╭─ Provided data
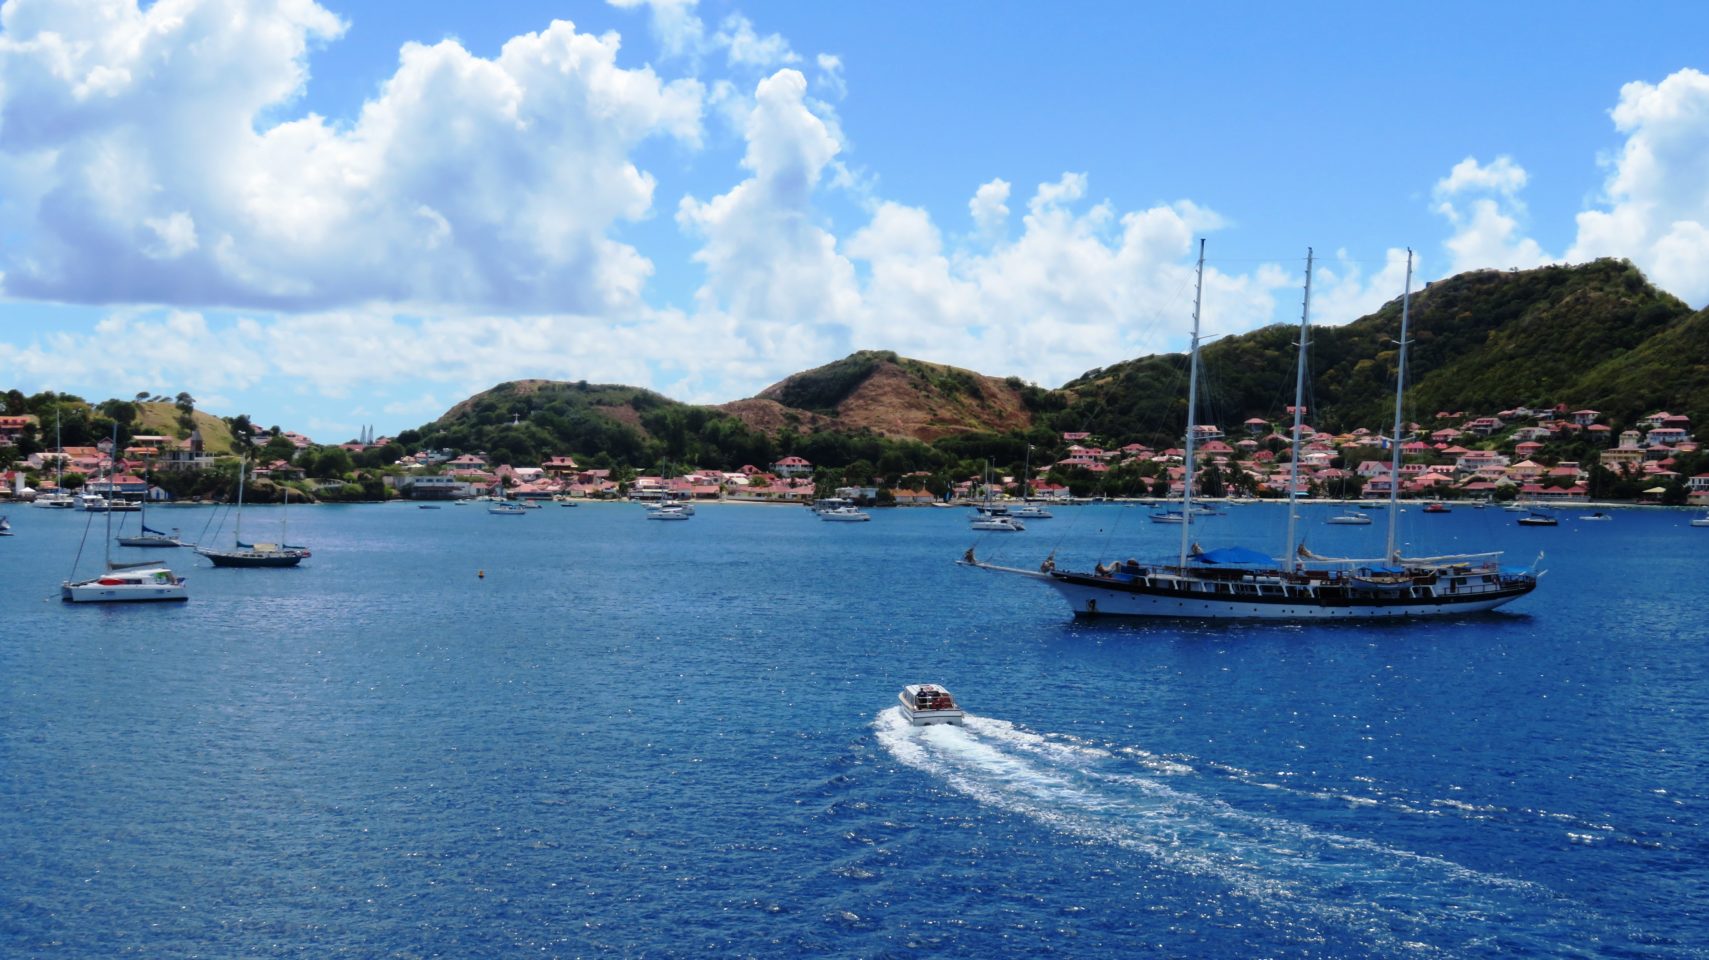 Windstar Cruises ~ a glorious view from our French balcony overlooking the renowned Baie des Saintes in Guadeloupe, French West Indies
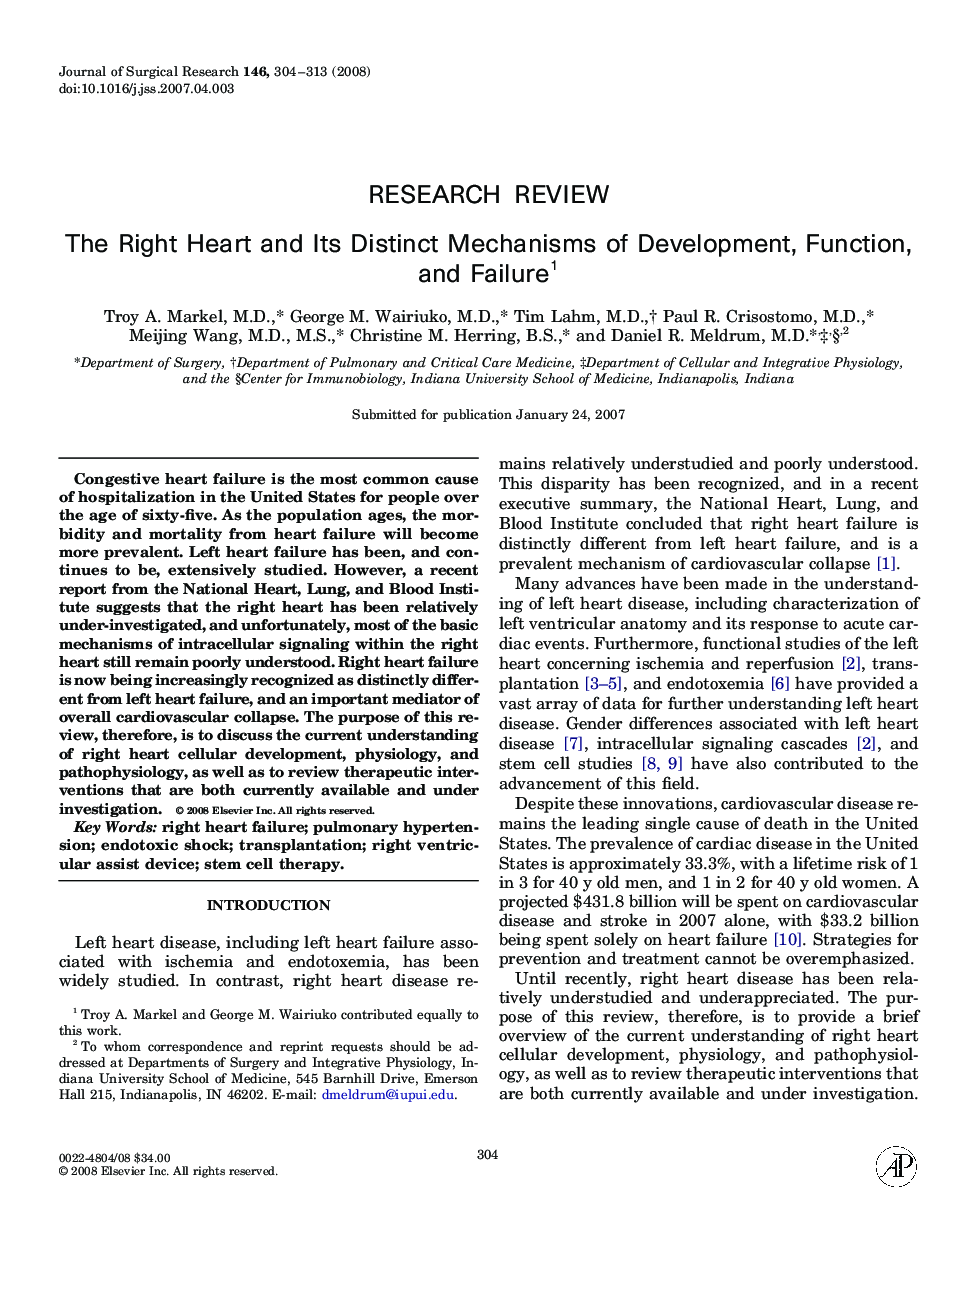 The Right Heart and Its Distinct Mechanisms of Development, Function, and Failure 1
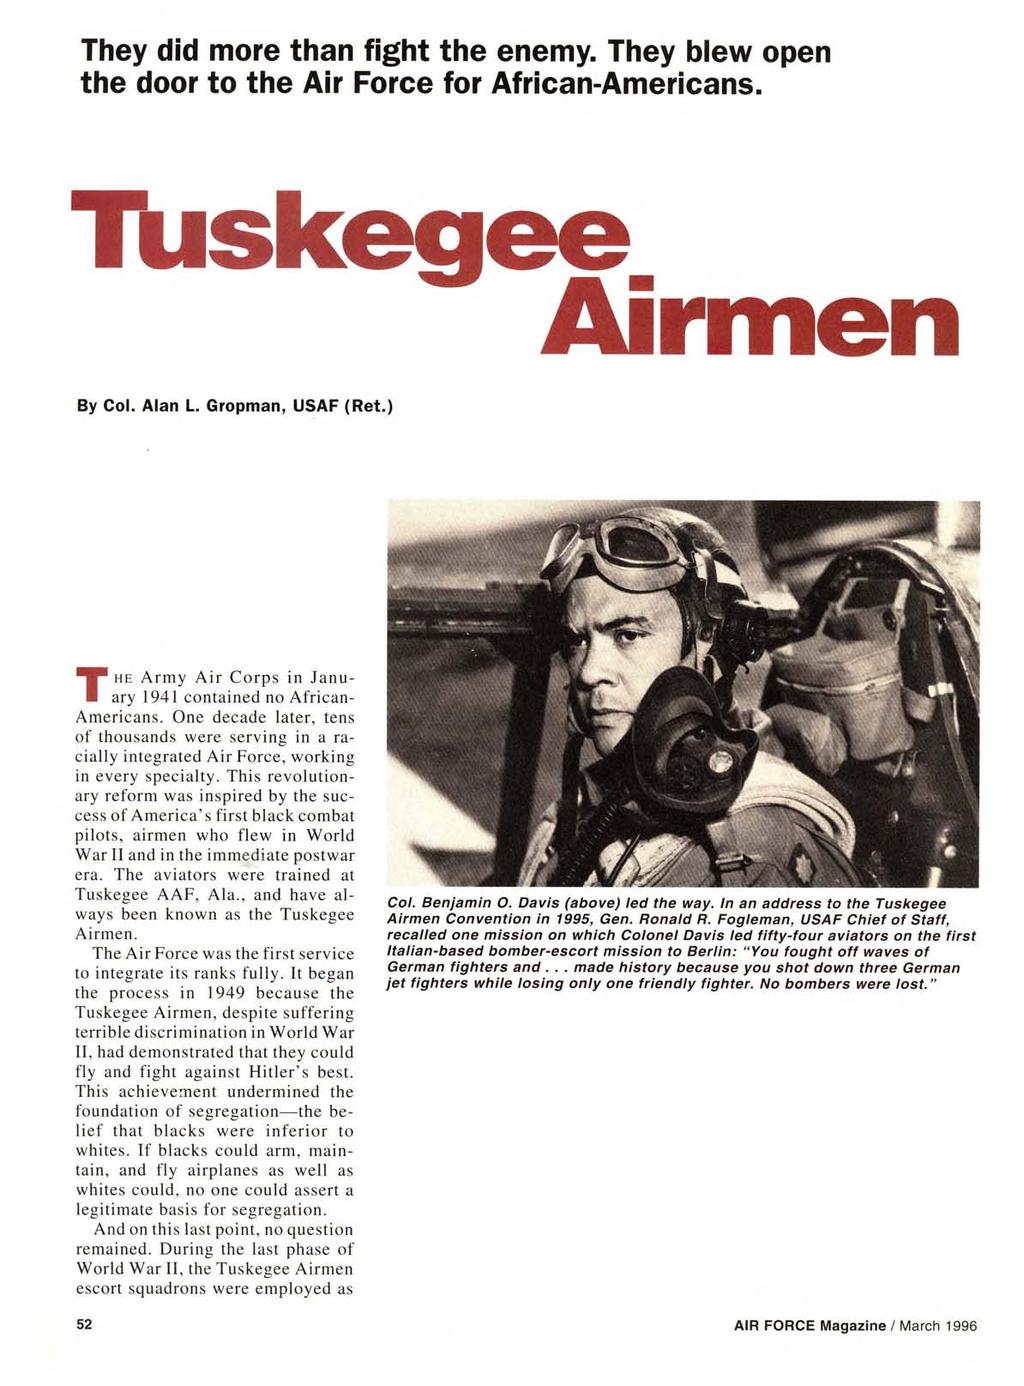 They did more than fight the enemy. They blew open the door to the Air Force for African-Americans. Tuskegee Airmen By Col. Alan L. Gropman, USAF (Ret.
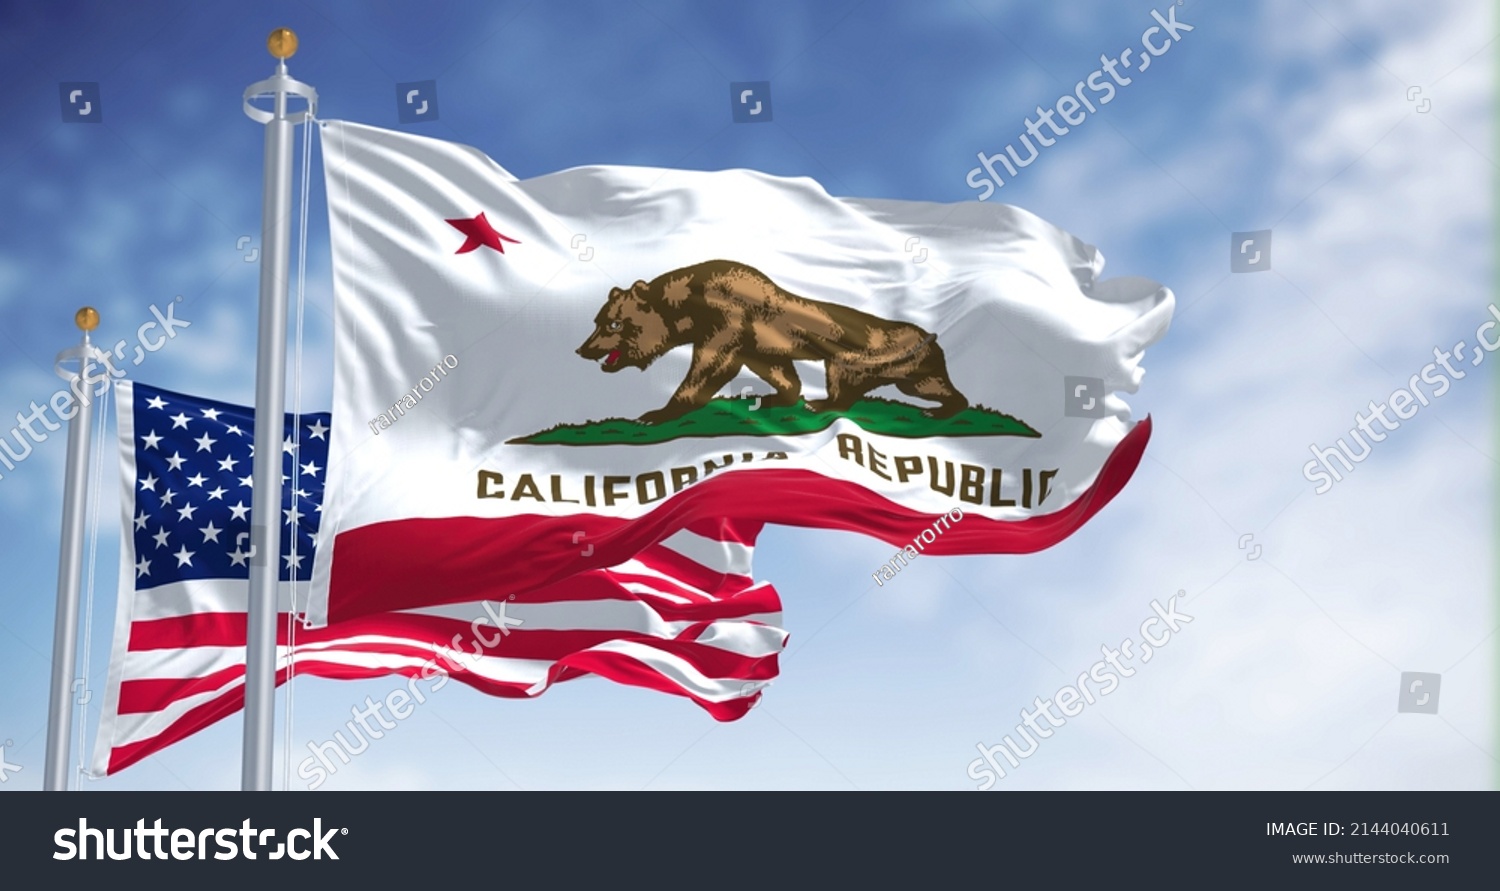 The California state flag flying along with the national flag of the United States of America. In the background there is a clear sky. The flag depicts a walking bear and a five-pointed red star #2144040611
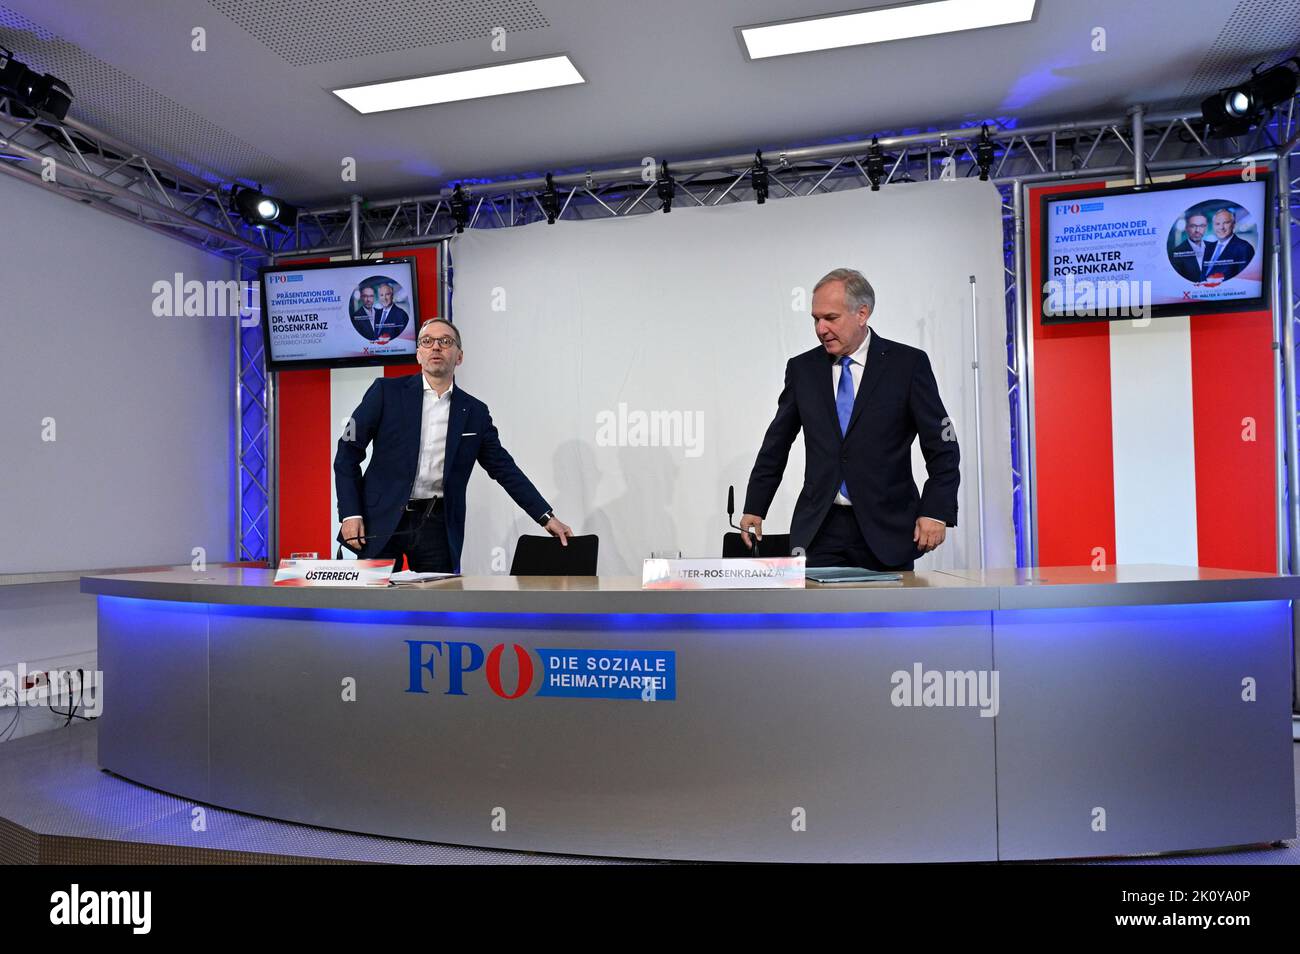 Vienna, Austria. 14th Sep, 2022. Second Poster campaign for the federal presidential election on October 9, 2022 with FPÖ Federal Party Chairman Herbert Kickl (L)  and the FPÖ candidate Walter Rosenkranz (R). Credit: Alamy Live News Stock Photo
╰─
*What the exercise asks*
Exactly as they appear above, write out all the entries, but not the images.

*Response area*
 Windstar Cruises ~ a glorious view from our French balcony overlooking the renowned Baie des Saintes in Guadeloupe, French West Indies
 The Right Heart and Its Distinct Mechanisms of Development, Function, and Failure 1
 They did more than fight the enemy. They blew open the door to the Air Force for African-Americans. Tuskegee Airmen By Col. Alan L. Gropman, USAF (Ret.
 The California state flag flying along with the national flag of the United States of America. In the background there is a clear sky. The flag depicts a walking bear and a five-pointed red star #2144040611
 Vienna, Austria. 14th Sep, 2022. Second Poster campaign for the federal presidential election on October 9, 2022 with FPÖ Federal Party Chairman Herbert Kickl (L)  and the FPÖ candidate Walter Rosenkranz (R). Credit: Alamy Live News Stock Photo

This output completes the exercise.